• **EXERCISE DETAILS**
All of the data should be reproduced word for word, though its pictures must be omitted.
[Opening DATA PROVIDED section]
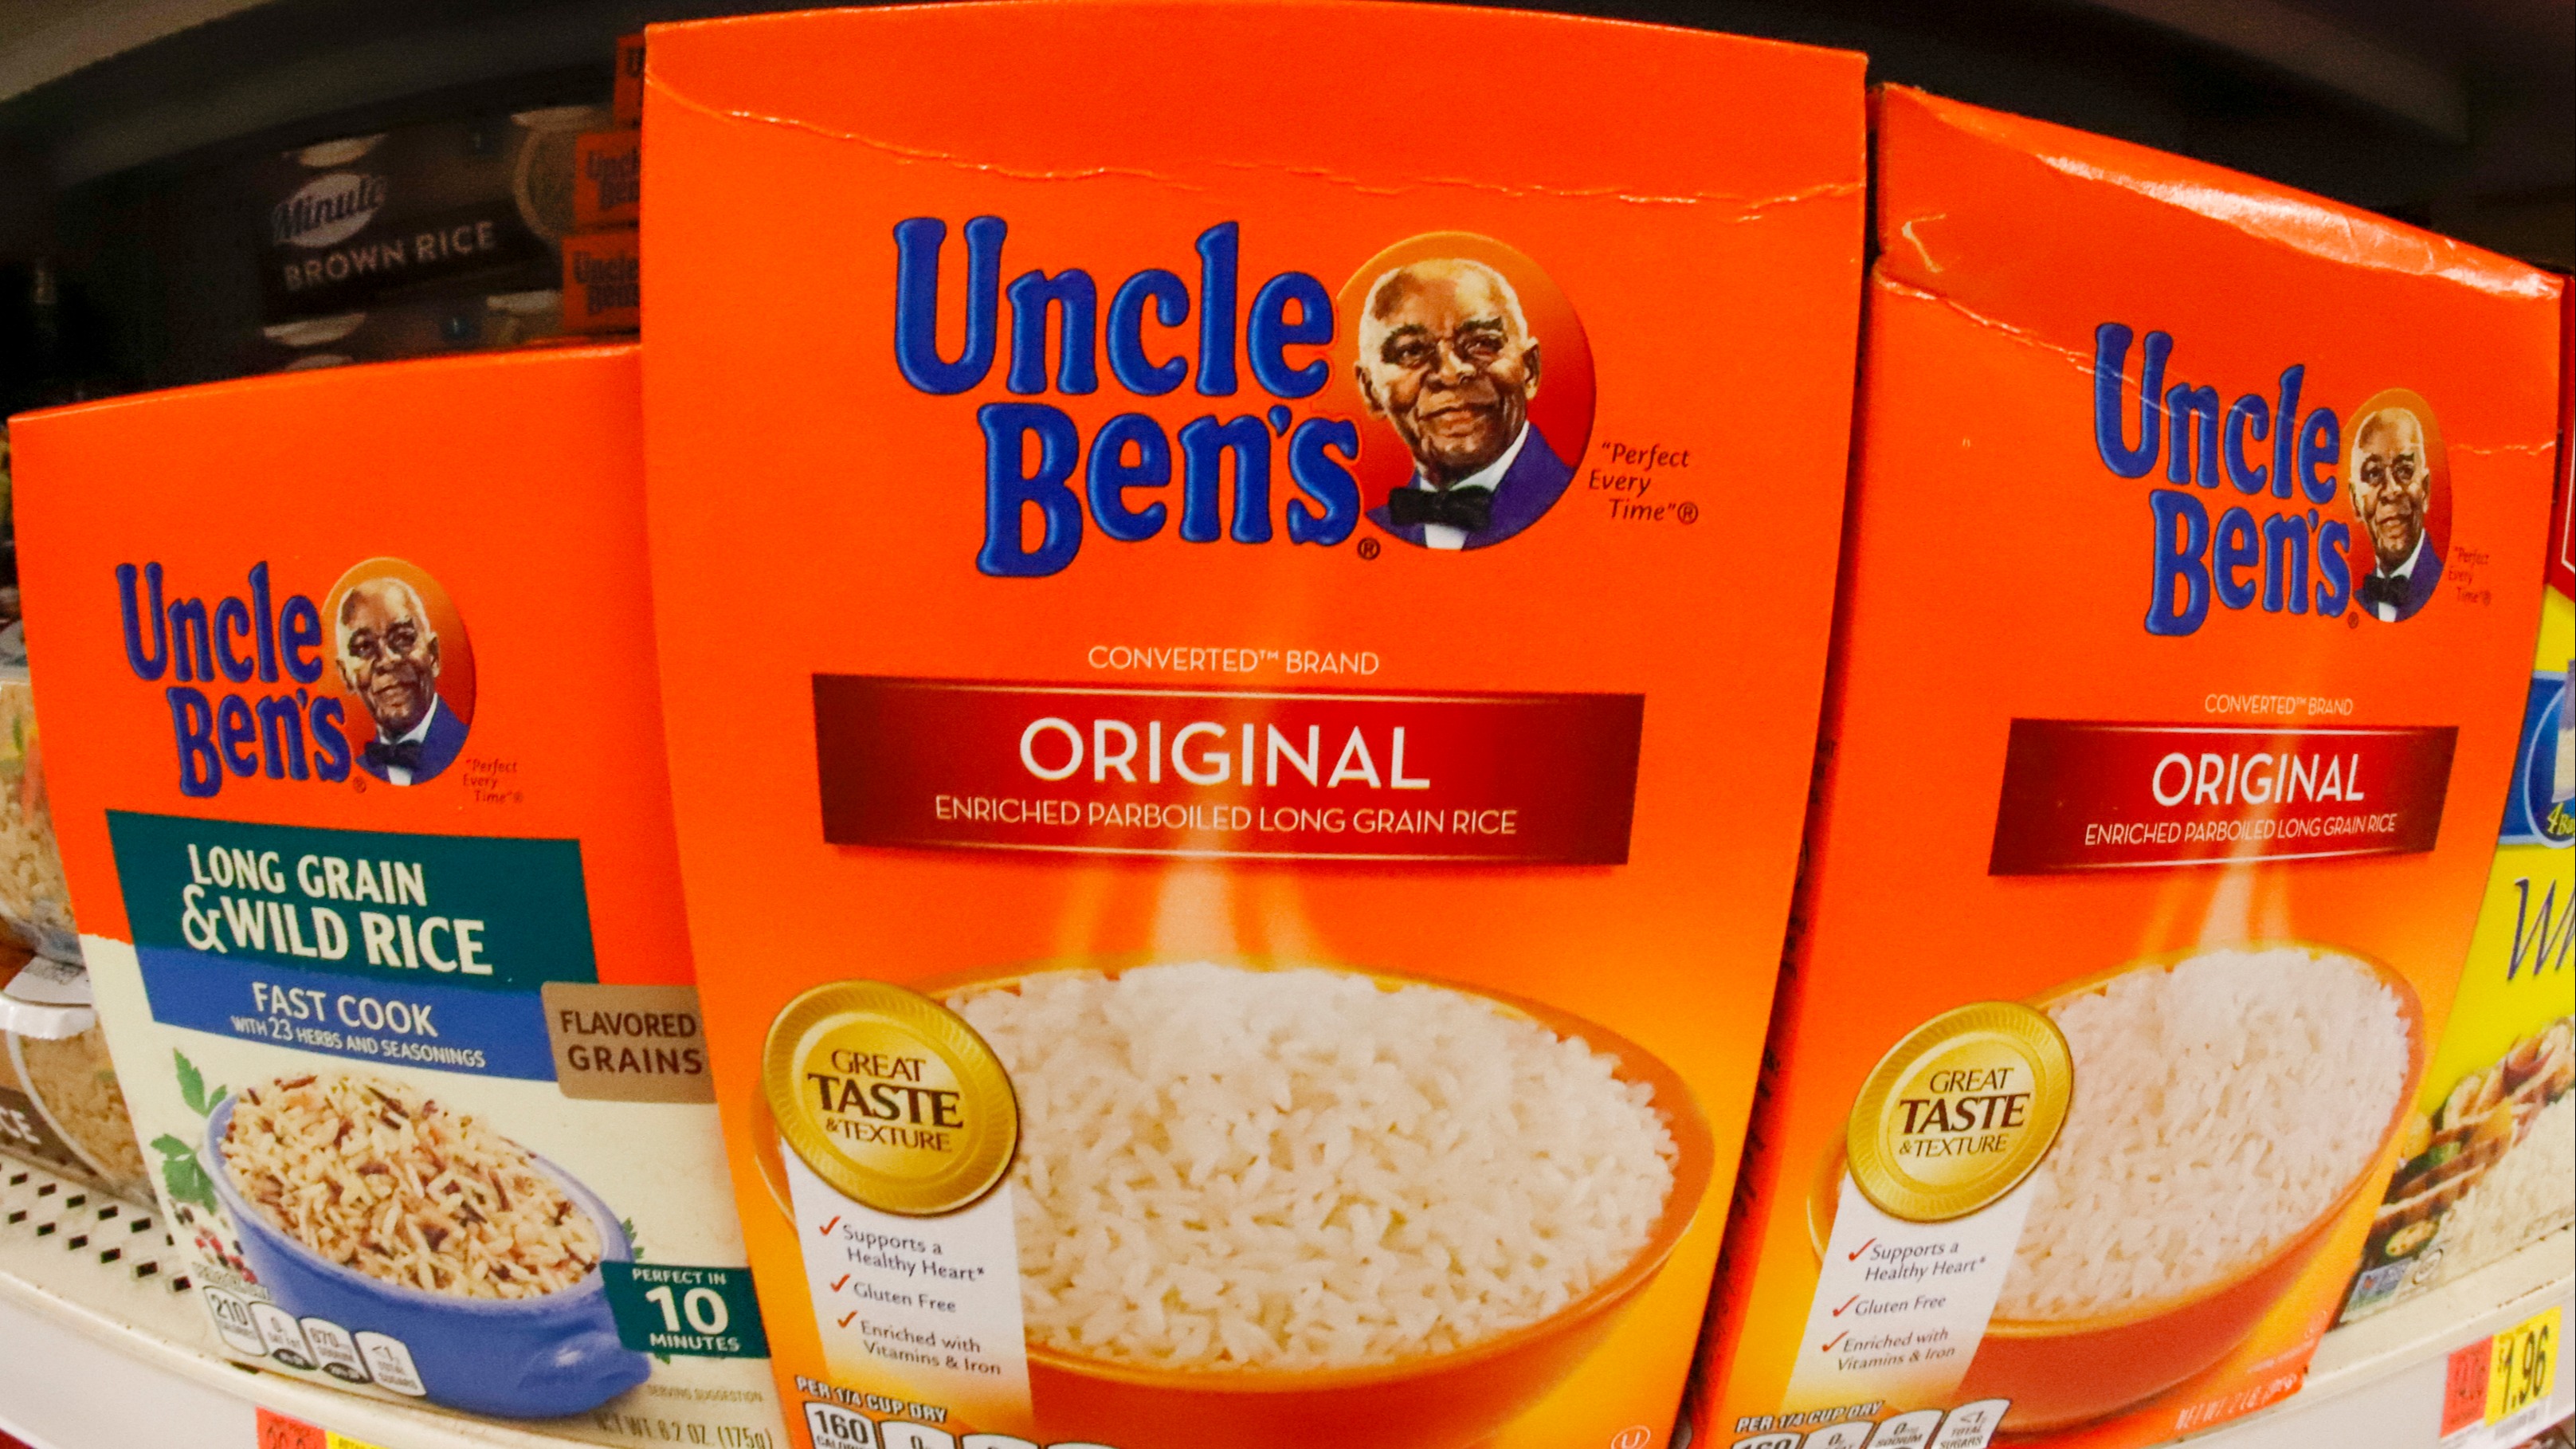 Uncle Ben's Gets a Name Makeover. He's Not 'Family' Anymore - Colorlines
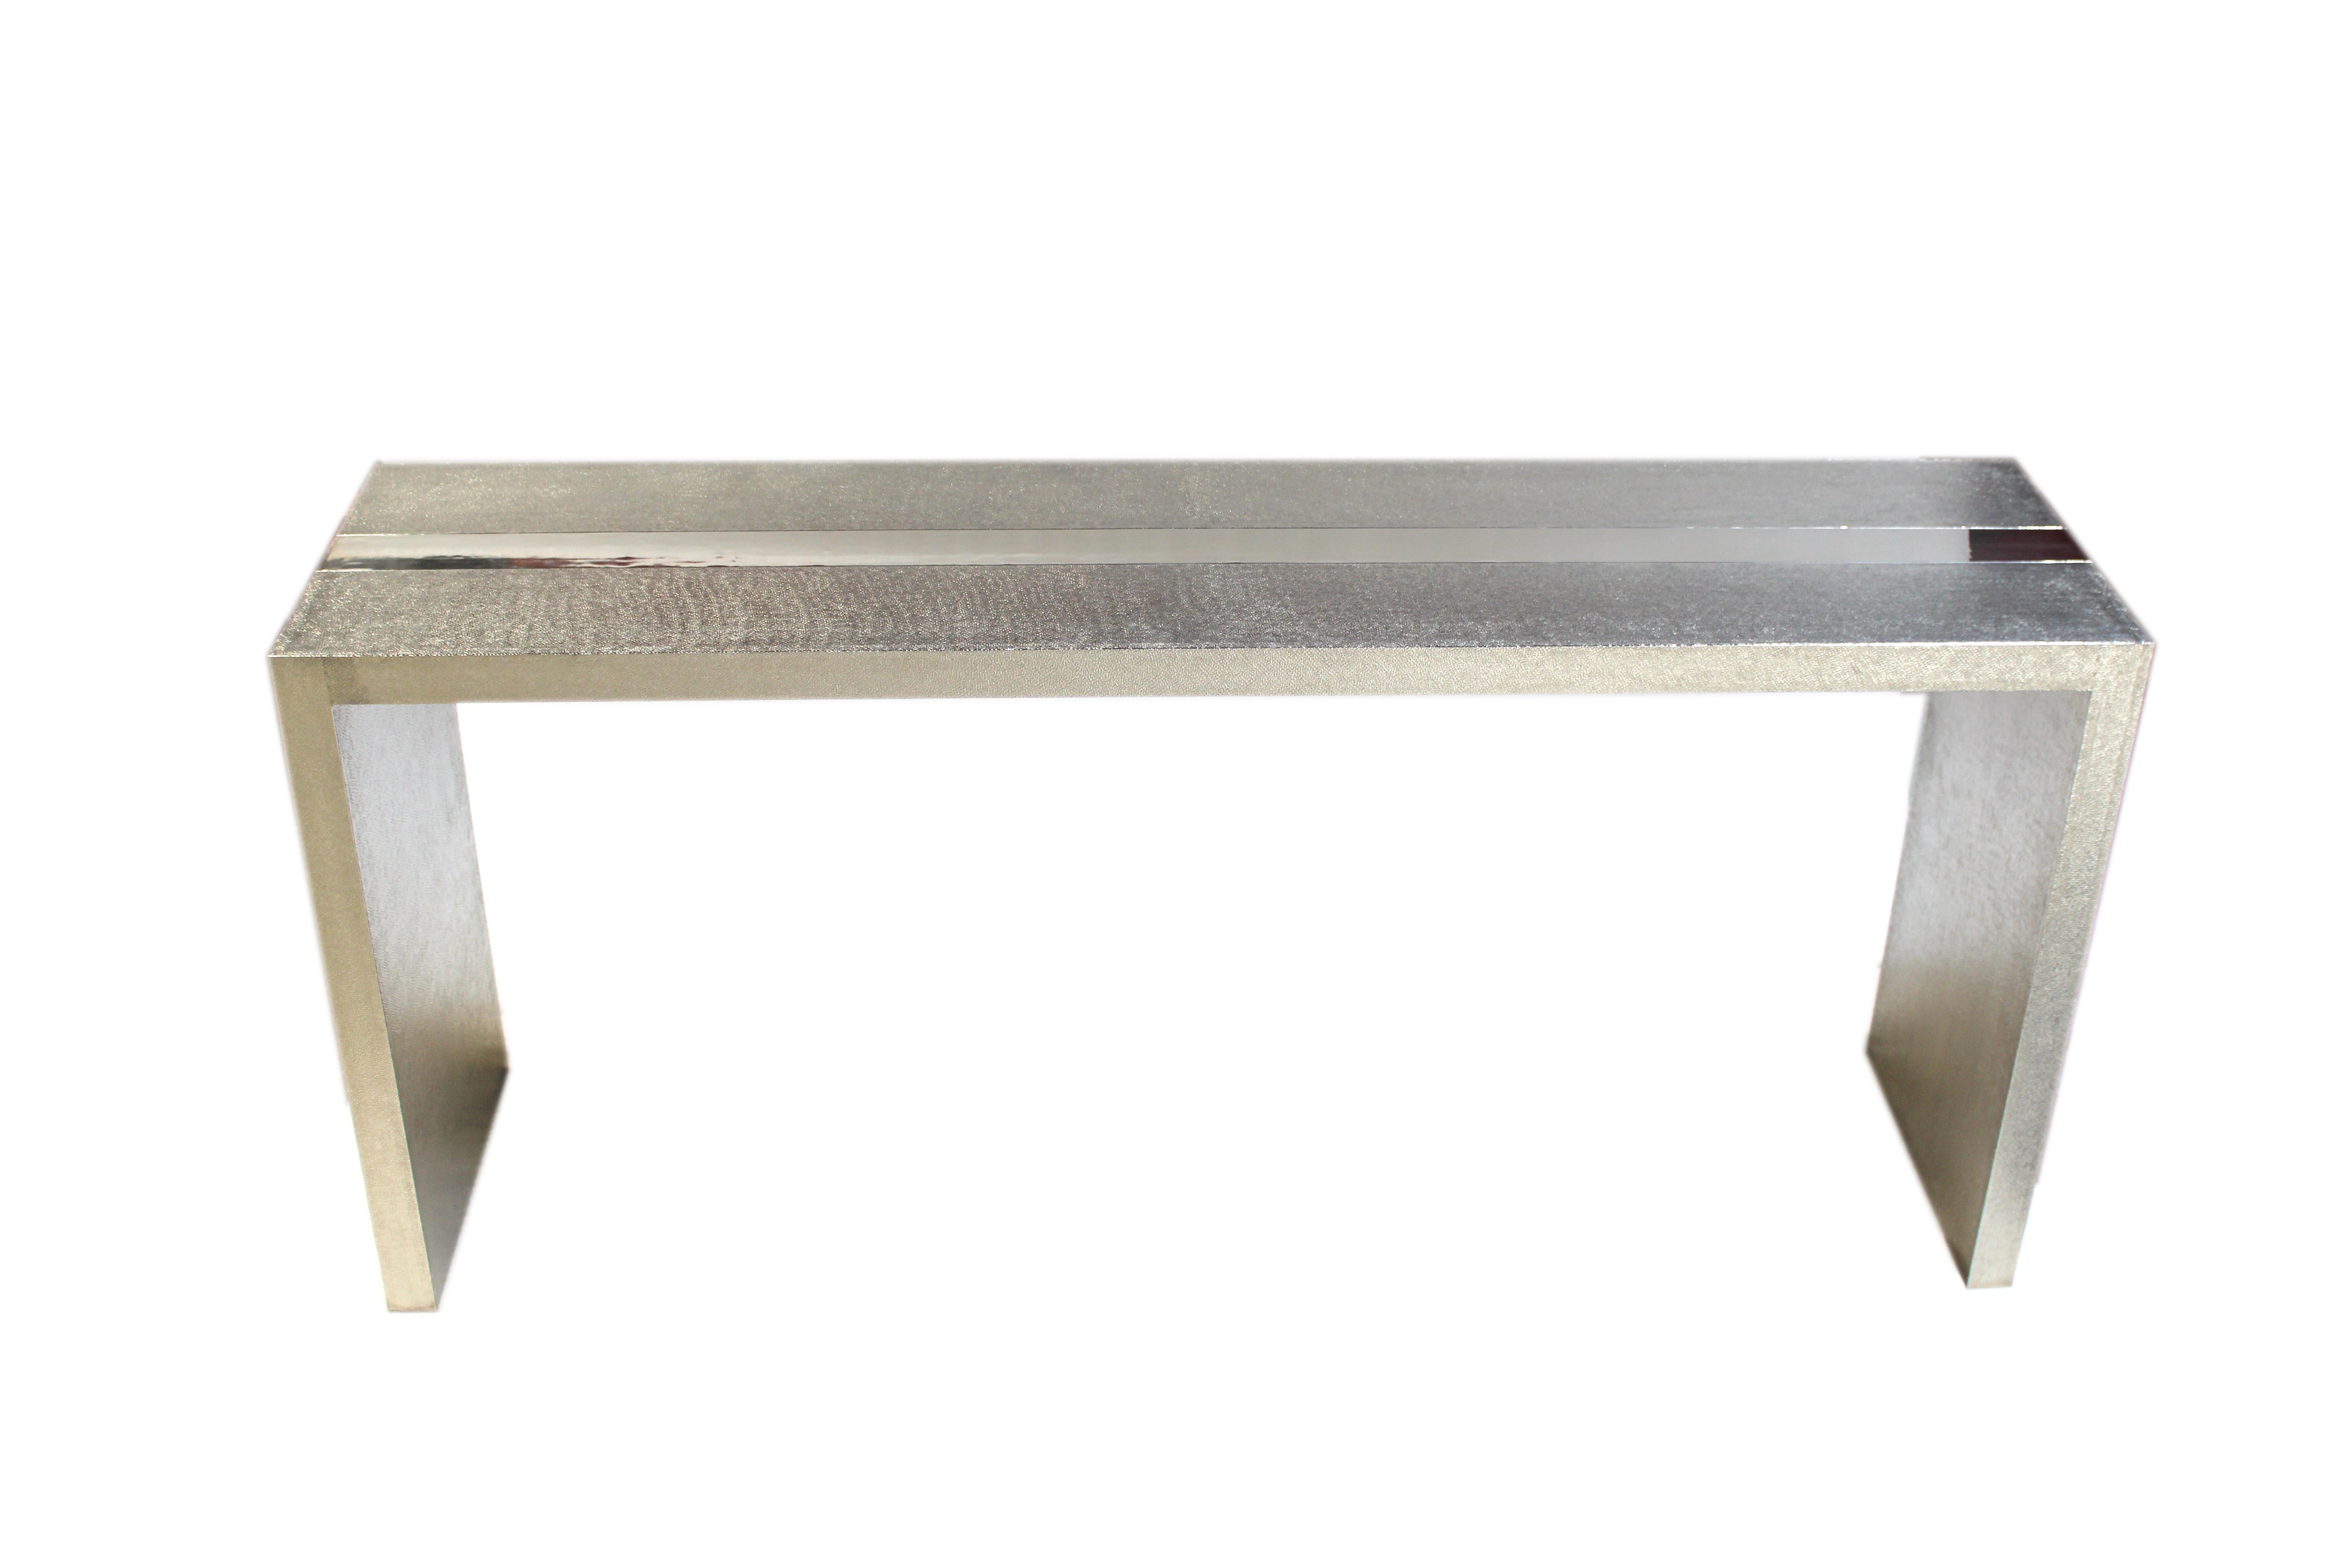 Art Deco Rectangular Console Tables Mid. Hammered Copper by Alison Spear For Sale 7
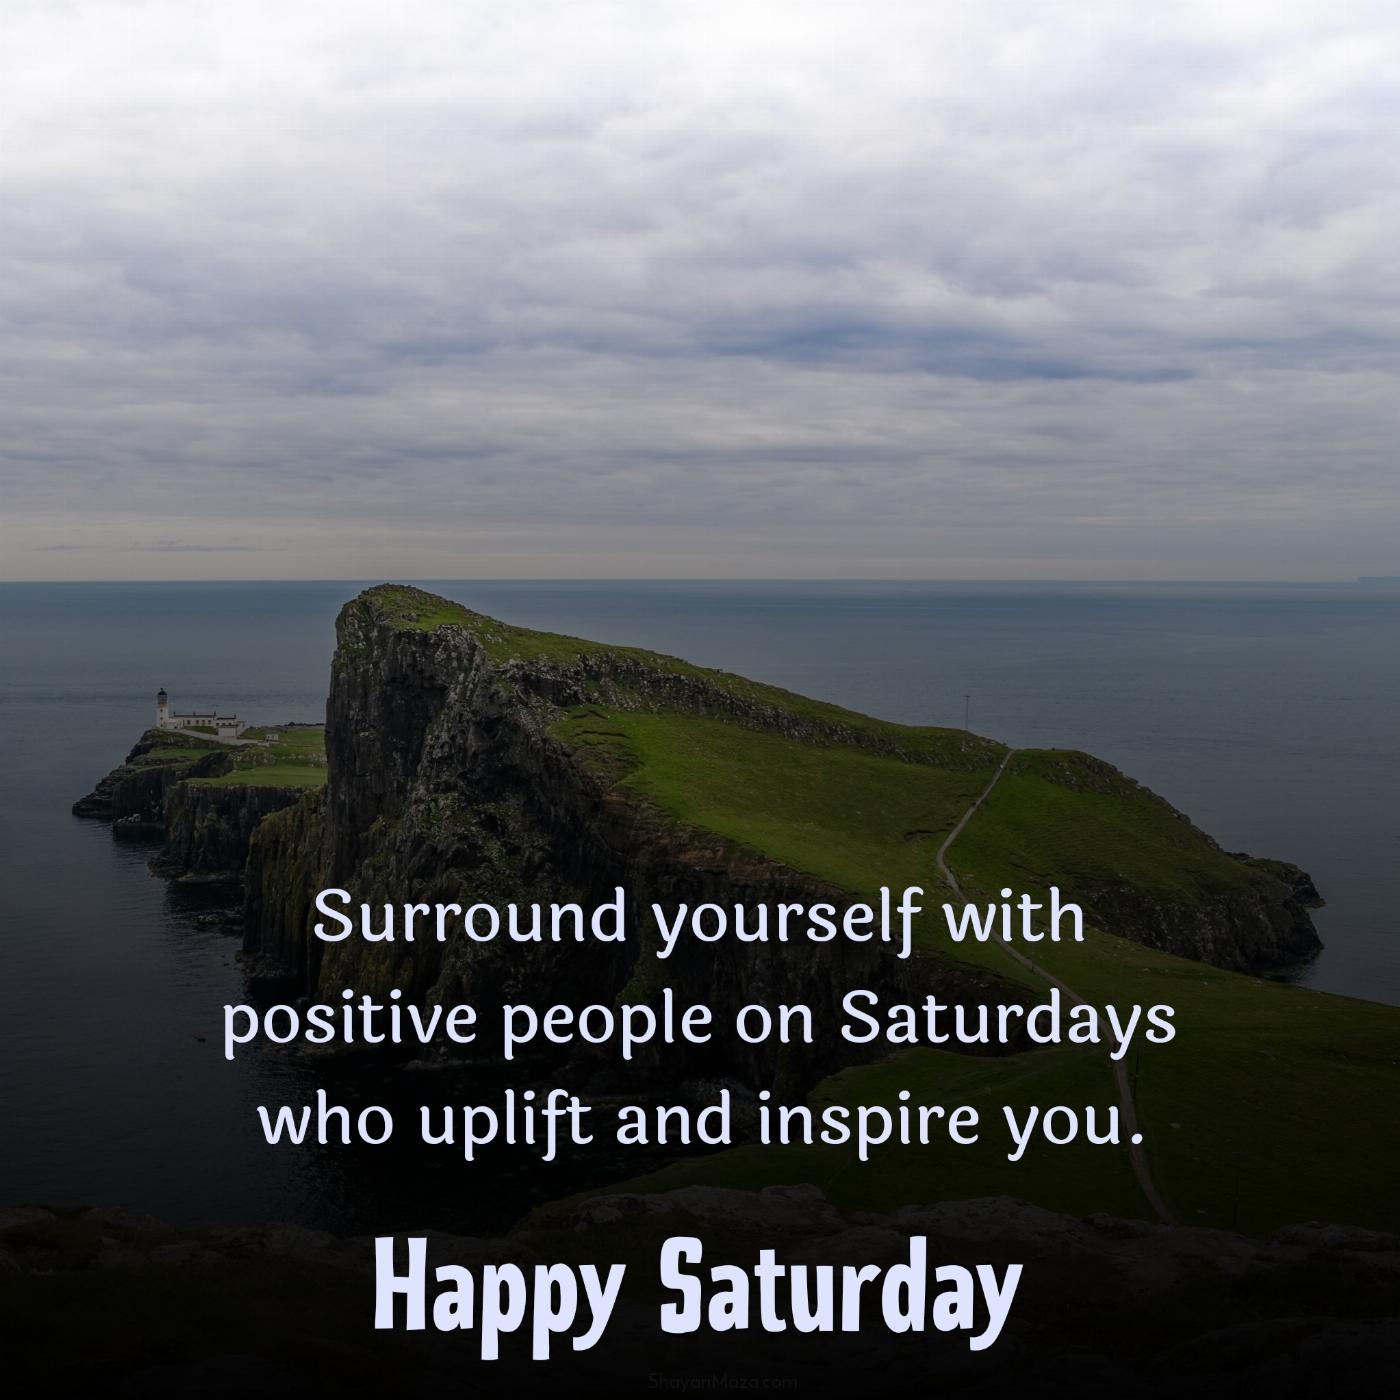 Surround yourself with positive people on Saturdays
[Closing DATA PROVIDED section]
• **YOUR RESPONSE**
 Uncle Ben's Gets a Name Makeover. He's Not 'Family' Anymore - Colorlines
 Art Deco Rectangular Console Tables Mid. Hammered Copper by Alison Spear For Sale 7
 Surround yourself with positive people on Saturdays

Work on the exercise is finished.